Halmahera Tengah, Beritasatu.com – Gubernur Maluku Utara Sherly Tjoanda, dengan tegas melarang masyarakat menebang pohon mangrove karena tindakan tersebut dapat merusak ekosistem laut dan lingkungan pesisir. Ia menekankan bahwa kerusakan mangrove akan berdampak negatif terhadap keberlangsungan hidup masyarakat desa, terutama di wilayah pesisir.
Pernyataan tersebut disampaikan Gubernur Sherly saat memimpin aksi penanaman Satu Juta Pohon Mangrove di Desa Sagea, Kecamatan Weda Tengah, Halmahera Tengah, Selasa (22/7/2025).
“Menanam pohon mangrove banyak manfaatnya. Selain menyerap karbon dioksida agar udara lebih bersih, mangrove juga bisa menjadi ekowisata. Di kemudian hari, karbon dari mangrove ini bisa dijual. Karena itu, saya melarang masyarakat untuk menebang pohon mangrove,” tegas Sherly.
Ia menambahkan, penebangan mangrove yang sembarangan harus ditindak tegas. “Jika ada yang kedapatan menebang, langsung laporkan ke polisi setempat. Itu tidak boleh. Saya sudah memberikan edaran secara lisan dan akan membuat sanksi melalui aturan agar kegiatan tersebut dapat diminimalisir. Karena memotong dahan-dahan mangrove ini dapat merusak ekosistemnya,” ujarnya.
Sherly juga menjelaskan bahwa kegiatan penanaman mangrove ini merupakan bagian dari inisiatif Kementerian Lingkungan Hidup yang mendorong PT Indonesia Weda Bay Industrial Park (IWIP) sebagai pelopor industri nikel hijau di Indonesia.
“Kemarin ada kunjungan menteri lingkungan hidup ke PT IWIP dan menjadikan IWIP sebagai referensi untuk pertambangan hijau. Semoga menjadi contoh bagi perusahaan tambang lain. Harapannya, kawasan ini dikembangkan sebagai objek wisata. Jadi bukan hanya mengurangi CO2, tetapi juga bisa menambah isi dompet masyarakat,” ungkapnya.
Sementara itu, Ketua Kelompok Mangrove Lestari Desa Kobe Fredik Mamesa, mengaku bangga dengan kolaborasi antara pemerintah provinsi dan kabupaten dalam pelestarian mangrove. Menurutnya, selama ini masyarakat masih mengandalkan batang dan ranting mangrove sebagai kayu bakar, yang menyebabkan kerusakan lingkungan pesisir.
“Kita semua di sini butuh kayu bakar, makanya kita mengambil pohon mangrove. Daerah ini memang terlihat bersih, tetapi masyarakat belum memikirkan masa depan. Kita hanya tahu kebutuhan harian, padahal ternyata ini menyangkut masa depan kita semua,” ucap Fredik.

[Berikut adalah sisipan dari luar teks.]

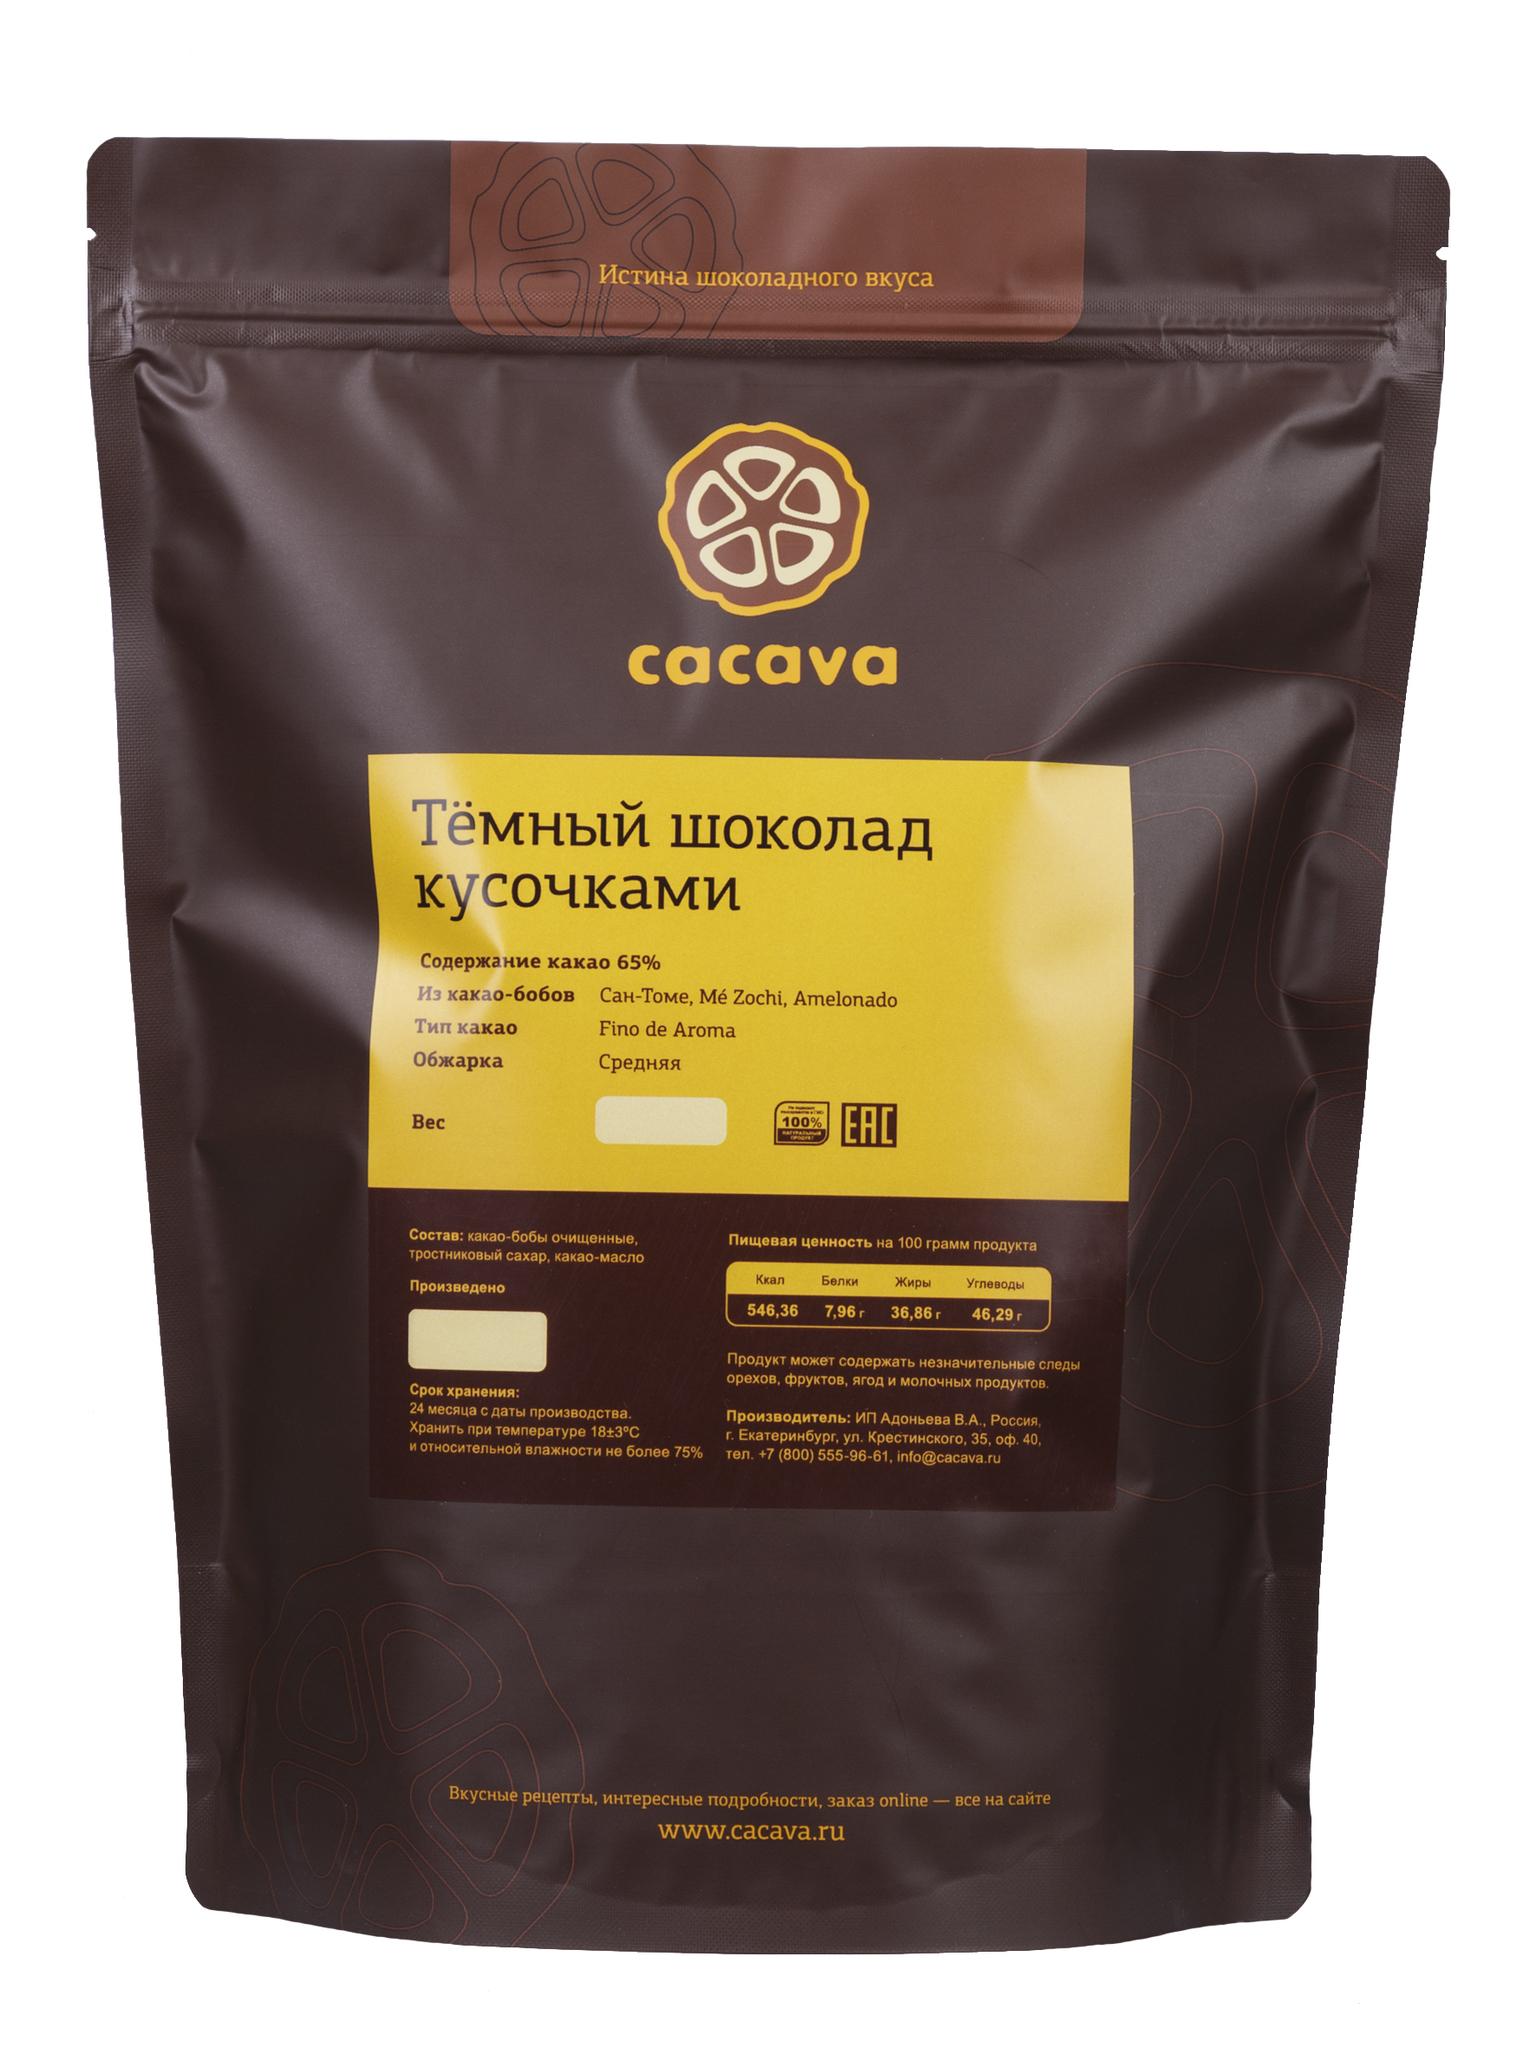 Тёмный шоколад 65 % какао (Сан-Томе), упаковка 1 кг

Sebagai bentuk komitmen, Fredik dan empat anggotanya terus mengembangkan budidaya pohon mangrove dan konsisten melakukan penanaman di sepanjang pesisir Desa Kobe. Ia berharap kawasan ini bisa menjadi ruang hijau sekaligus objek wisata edukasi lingkungan bagi masyarakat.
“Saya dan anak buah awalnya enam orang, sekarang tinggal empat, tetapi kami tetap jalankan ini. Kami terus menambah pembibitan agar penanaman terus berlanjut. Kami minta kepada pemerintah pusat atau daerah agar menjadikan ini destinasi wisata sebagai ekowisata dan tempat edukasi,” jelasnya.
Diketahui, program penanaman mangrove ini ditargetkan mencakup area seluas 200 hektare selama lima tahun. Rinciannya, pada 2024 ditanam 30.000 batang, pada 2025 sebanyak 220.000 batang, pada2026 dan 2027 masing-masing 250.000 batang, serta 250.000 batang pada 2028.
Aksi ini merupakan hasil kolaborasi antara Pemerintah Provinsi Maluku Utara, Pemerintah Kabupaten Halmahera Tengah, sektor swasta seperti PT IWIP, dan partisipasi aktif masyarakat sekitar.